TASK DATA:
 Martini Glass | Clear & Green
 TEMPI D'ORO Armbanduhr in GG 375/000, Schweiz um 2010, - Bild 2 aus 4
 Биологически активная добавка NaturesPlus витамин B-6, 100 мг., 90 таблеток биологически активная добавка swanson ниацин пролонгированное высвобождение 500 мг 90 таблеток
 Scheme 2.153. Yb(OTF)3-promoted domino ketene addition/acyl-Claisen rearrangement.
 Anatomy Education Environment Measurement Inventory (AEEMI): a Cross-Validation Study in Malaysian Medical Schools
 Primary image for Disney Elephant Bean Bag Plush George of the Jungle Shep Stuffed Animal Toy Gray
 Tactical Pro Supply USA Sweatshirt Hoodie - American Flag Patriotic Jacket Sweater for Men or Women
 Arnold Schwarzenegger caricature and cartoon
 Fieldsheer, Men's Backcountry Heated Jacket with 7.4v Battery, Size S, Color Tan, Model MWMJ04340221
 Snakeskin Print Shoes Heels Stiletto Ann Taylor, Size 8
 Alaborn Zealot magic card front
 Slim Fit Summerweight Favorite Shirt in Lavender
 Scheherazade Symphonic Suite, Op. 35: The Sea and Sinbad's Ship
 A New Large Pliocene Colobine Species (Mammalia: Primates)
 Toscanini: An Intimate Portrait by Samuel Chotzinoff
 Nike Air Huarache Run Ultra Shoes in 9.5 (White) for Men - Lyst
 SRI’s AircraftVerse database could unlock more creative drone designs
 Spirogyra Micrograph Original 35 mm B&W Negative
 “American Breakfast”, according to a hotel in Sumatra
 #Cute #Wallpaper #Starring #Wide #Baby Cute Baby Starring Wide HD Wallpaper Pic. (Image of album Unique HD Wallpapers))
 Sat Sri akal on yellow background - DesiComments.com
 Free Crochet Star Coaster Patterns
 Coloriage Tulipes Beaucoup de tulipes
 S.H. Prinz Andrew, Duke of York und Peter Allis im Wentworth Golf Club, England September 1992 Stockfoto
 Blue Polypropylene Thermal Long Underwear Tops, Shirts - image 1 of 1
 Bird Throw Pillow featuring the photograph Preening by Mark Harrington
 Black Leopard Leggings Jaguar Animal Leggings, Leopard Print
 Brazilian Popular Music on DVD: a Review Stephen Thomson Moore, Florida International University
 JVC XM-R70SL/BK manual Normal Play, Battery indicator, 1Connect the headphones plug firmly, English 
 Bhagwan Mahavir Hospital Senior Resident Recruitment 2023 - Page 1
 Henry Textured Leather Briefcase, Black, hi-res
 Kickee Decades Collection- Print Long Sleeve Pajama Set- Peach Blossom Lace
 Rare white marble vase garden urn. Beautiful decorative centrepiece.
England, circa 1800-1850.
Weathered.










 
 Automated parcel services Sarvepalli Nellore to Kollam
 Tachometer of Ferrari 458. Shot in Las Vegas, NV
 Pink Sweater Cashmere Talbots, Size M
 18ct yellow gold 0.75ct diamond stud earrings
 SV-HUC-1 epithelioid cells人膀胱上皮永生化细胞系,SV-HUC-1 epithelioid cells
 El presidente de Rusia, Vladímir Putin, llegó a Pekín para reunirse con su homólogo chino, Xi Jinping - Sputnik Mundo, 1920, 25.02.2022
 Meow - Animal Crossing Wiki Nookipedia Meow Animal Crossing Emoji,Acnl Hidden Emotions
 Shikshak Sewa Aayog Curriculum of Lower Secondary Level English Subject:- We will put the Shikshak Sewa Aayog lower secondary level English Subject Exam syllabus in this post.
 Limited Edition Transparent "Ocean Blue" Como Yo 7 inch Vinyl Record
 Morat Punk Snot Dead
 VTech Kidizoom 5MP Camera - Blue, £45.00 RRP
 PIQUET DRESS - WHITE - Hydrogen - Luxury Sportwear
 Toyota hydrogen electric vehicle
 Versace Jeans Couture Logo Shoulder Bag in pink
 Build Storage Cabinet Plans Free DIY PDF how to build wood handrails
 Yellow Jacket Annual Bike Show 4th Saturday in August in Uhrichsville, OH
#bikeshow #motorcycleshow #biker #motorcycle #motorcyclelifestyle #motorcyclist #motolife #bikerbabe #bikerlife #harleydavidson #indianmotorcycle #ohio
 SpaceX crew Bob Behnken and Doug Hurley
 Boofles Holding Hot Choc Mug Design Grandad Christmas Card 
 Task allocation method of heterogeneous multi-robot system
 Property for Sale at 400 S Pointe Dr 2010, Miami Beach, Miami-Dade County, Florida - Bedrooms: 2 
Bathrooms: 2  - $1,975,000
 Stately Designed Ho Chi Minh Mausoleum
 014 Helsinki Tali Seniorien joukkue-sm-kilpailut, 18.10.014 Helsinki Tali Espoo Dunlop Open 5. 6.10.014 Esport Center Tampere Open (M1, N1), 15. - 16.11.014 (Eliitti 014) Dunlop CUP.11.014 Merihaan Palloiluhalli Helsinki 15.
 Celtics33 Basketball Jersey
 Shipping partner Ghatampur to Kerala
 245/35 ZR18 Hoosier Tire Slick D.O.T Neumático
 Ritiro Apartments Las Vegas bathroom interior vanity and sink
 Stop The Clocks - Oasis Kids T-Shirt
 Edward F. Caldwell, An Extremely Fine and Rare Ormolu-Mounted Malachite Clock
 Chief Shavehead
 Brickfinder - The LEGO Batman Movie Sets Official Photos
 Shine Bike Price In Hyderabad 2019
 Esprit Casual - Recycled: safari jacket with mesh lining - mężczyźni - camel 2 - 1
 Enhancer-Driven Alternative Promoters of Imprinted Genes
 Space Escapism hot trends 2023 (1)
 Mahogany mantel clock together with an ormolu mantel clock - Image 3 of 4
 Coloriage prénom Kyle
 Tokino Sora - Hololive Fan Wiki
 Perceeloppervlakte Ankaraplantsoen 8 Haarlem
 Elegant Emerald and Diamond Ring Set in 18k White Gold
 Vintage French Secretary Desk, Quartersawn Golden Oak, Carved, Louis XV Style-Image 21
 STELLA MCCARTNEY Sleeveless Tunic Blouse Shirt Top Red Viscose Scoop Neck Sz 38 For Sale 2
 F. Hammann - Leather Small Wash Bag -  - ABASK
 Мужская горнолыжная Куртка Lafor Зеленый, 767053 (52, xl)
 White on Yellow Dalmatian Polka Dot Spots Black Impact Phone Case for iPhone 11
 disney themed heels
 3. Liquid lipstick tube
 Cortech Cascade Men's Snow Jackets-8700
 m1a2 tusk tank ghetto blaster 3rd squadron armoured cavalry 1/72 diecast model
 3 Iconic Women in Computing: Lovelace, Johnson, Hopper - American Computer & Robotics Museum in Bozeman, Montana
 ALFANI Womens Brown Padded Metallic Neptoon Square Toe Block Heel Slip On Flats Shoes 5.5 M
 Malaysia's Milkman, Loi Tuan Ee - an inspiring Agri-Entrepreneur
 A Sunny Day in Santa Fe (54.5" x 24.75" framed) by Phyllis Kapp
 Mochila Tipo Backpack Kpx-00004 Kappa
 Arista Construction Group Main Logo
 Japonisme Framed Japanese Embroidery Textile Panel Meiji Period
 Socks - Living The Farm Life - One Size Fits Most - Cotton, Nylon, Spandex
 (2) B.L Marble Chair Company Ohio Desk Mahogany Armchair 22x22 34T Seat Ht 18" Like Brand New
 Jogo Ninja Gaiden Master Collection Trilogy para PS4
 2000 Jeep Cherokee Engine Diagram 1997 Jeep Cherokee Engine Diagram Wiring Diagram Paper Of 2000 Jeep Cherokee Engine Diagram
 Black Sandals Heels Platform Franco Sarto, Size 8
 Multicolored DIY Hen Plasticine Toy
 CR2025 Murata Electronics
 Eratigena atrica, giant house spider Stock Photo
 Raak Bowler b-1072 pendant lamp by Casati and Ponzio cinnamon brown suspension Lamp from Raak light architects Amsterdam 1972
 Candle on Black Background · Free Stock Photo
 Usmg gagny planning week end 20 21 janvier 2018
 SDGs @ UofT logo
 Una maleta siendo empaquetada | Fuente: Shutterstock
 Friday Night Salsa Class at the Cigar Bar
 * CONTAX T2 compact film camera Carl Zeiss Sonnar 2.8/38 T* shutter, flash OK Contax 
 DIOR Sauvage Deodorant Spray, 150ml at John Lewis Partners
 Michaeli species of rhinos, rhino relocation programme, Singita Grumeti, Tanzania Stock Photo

TASK REQUIREMENTS:
Return the lines of the records that include the string "Collection".

COMPLETED EXERCISE:
 Kickee Decades Collection- Print Long Sleeve Pajama Set- Peach Blossom Lace
 Jogo Ninja Gaiden Master Collection Trilogy para PS4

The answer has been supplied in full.